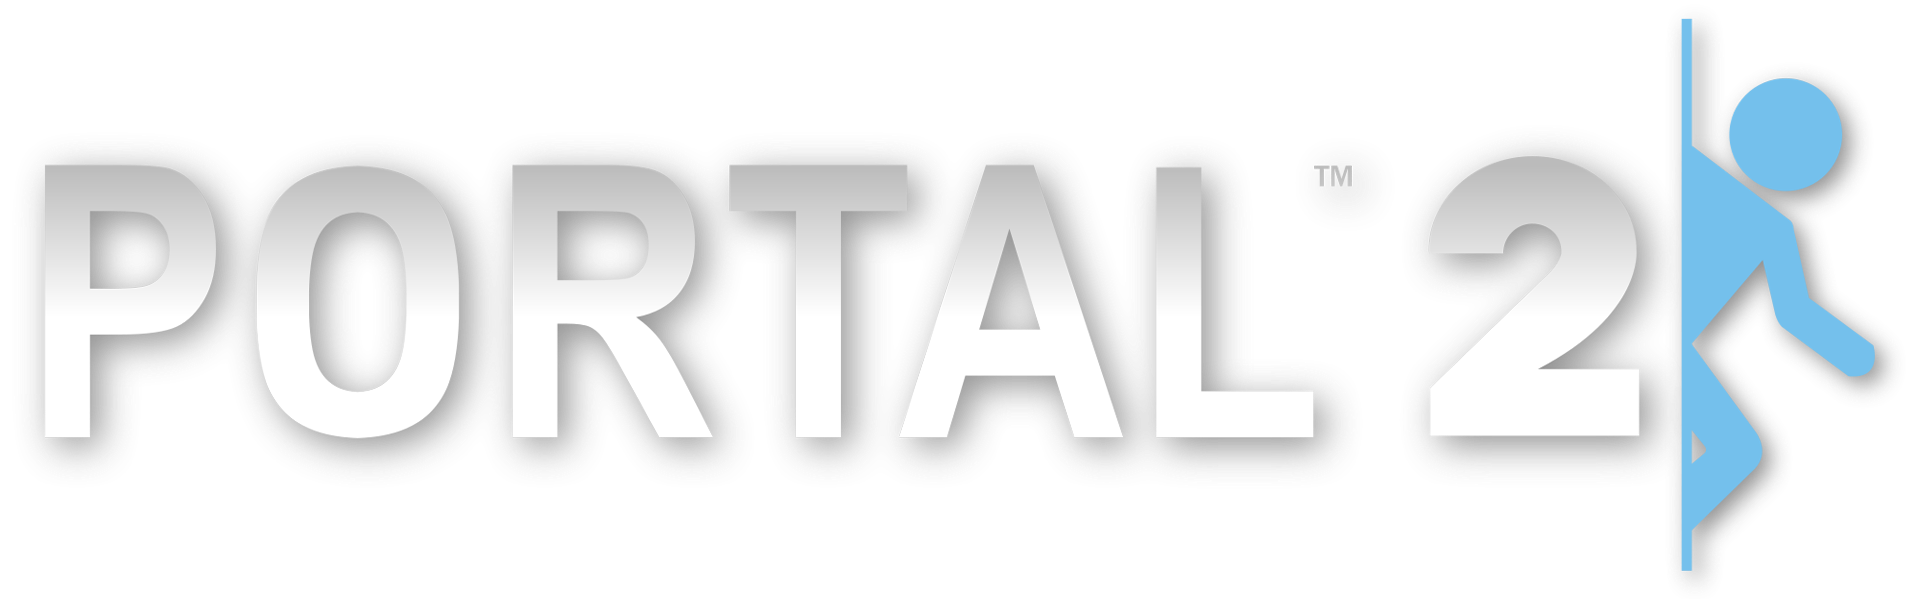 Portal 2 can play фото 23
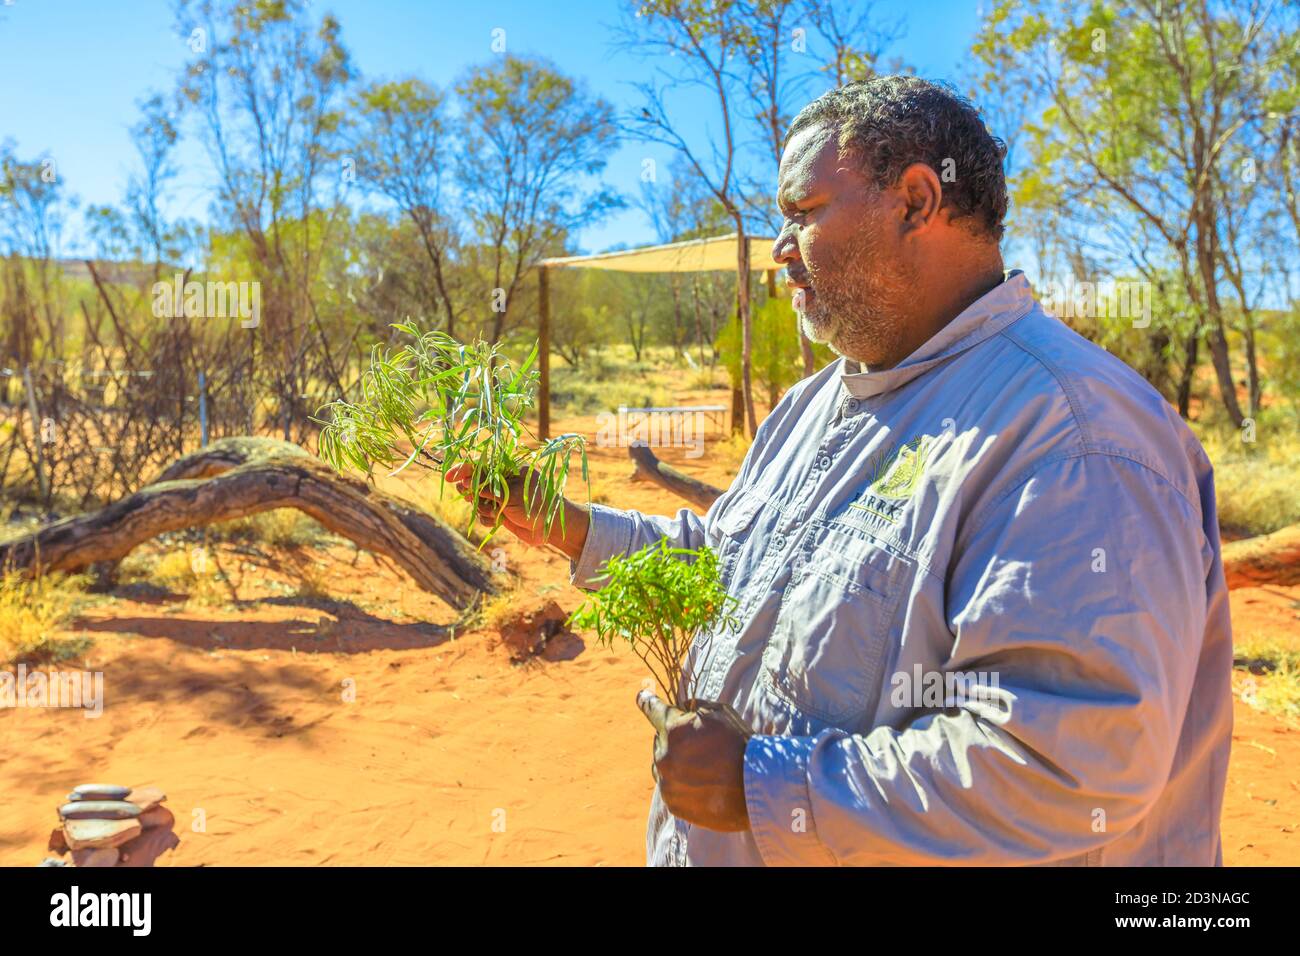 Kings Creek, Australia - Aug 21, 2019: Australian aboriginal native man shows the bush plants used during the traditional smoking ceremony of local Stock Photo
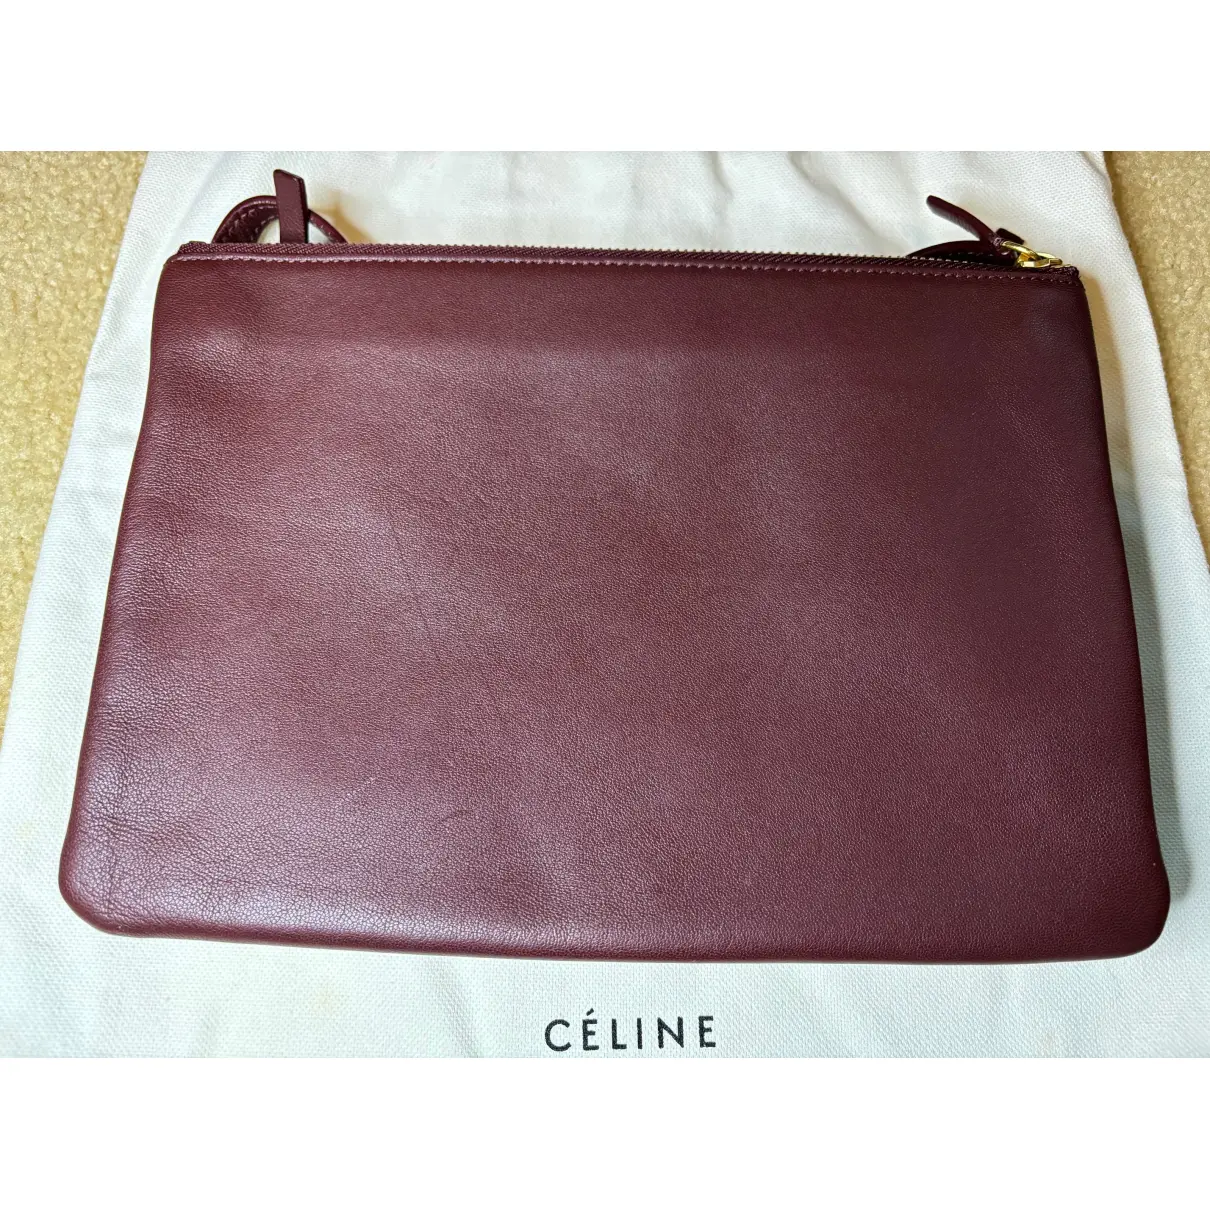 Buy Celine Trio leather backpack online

--

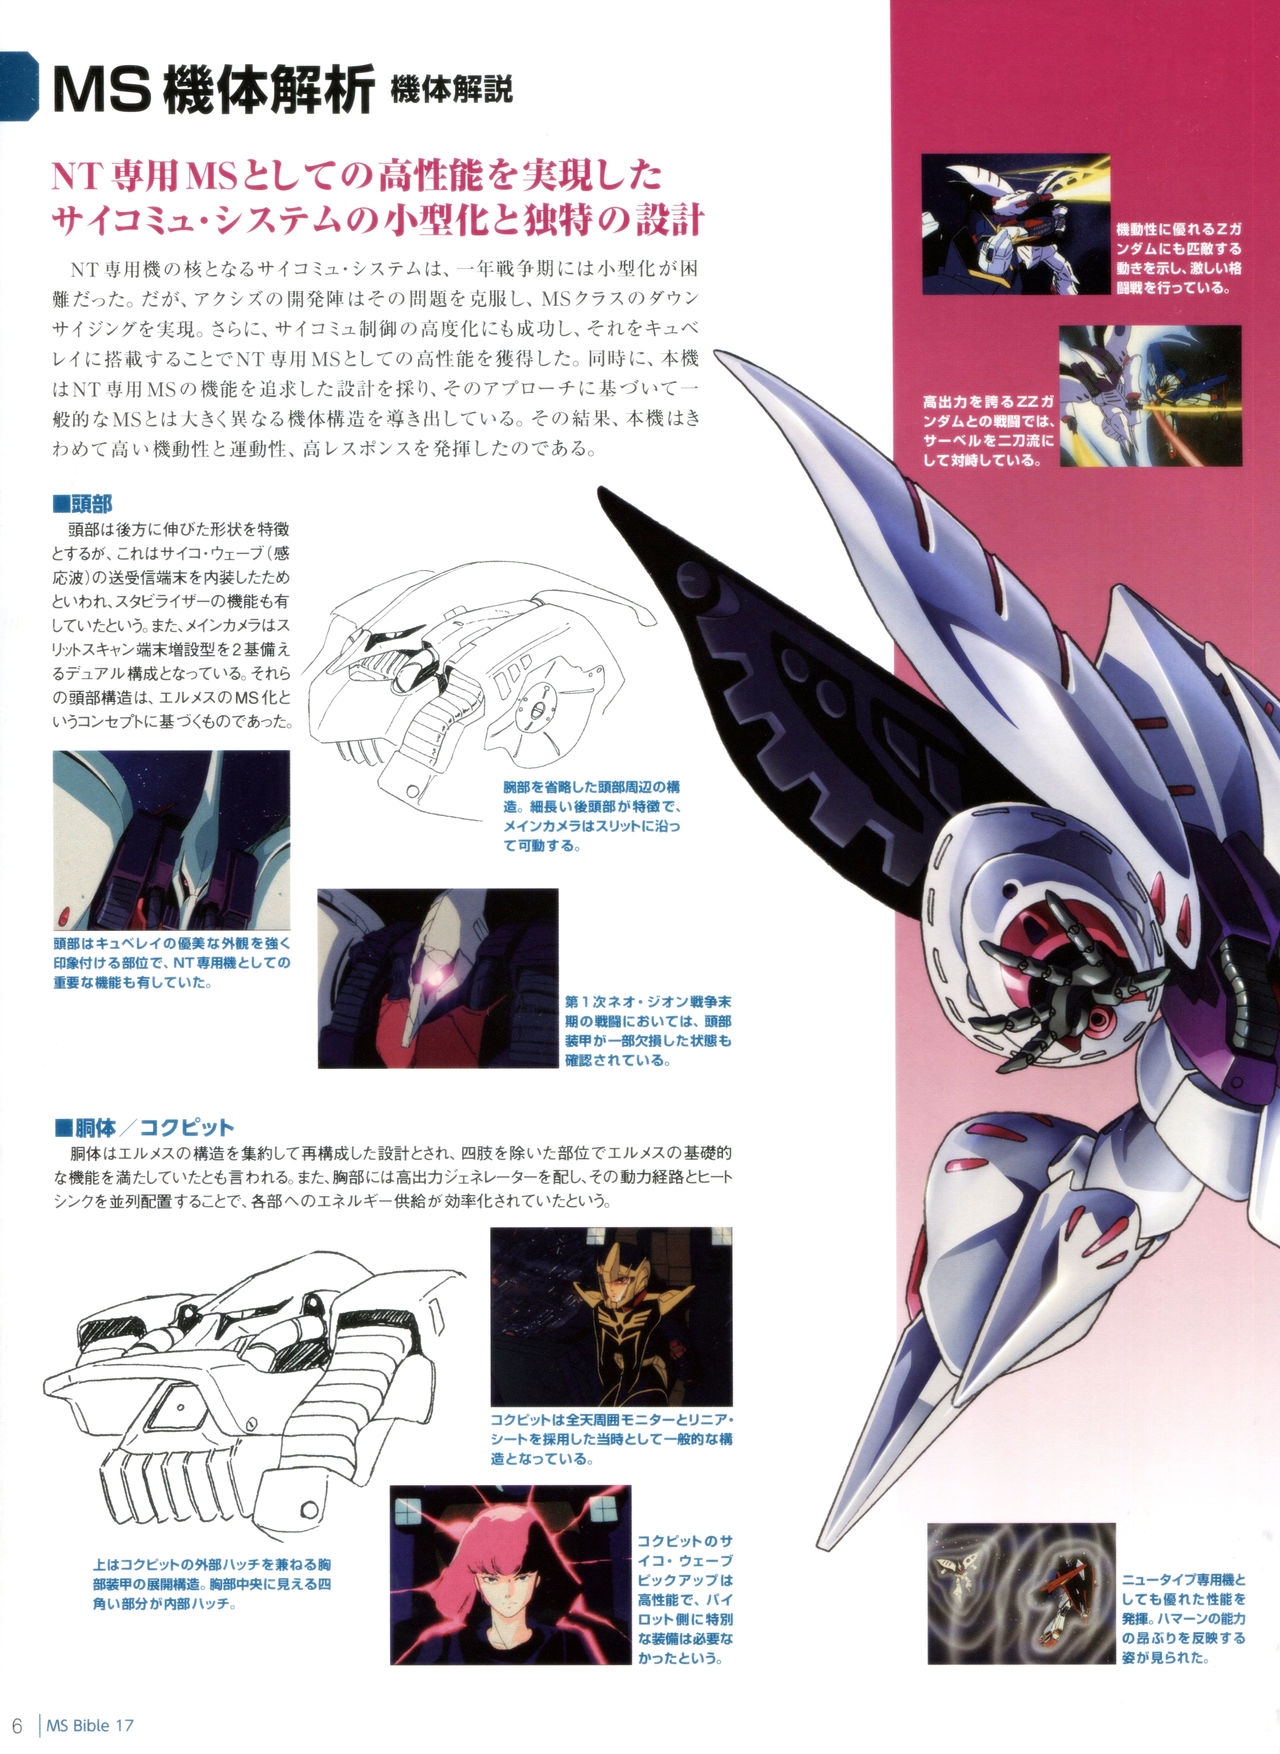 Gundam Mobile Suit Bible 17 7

Required action »
Lines wanted from the entries above: the one with "Portal 2 can play фото 23", the one with "Buy Celine Trio leather backpack online", and all lines between. Please copy them exactly, without the pictures and without anything else.

Exercise output »
 Portal 2 can play фото 23
 Kings Creek, Australia - Aug 21, 2019: Australian aboriginal native man shows the bush plants used during the traditional smoking ceremony of local Stock Photo
 Buy Celine Trio leather backpack online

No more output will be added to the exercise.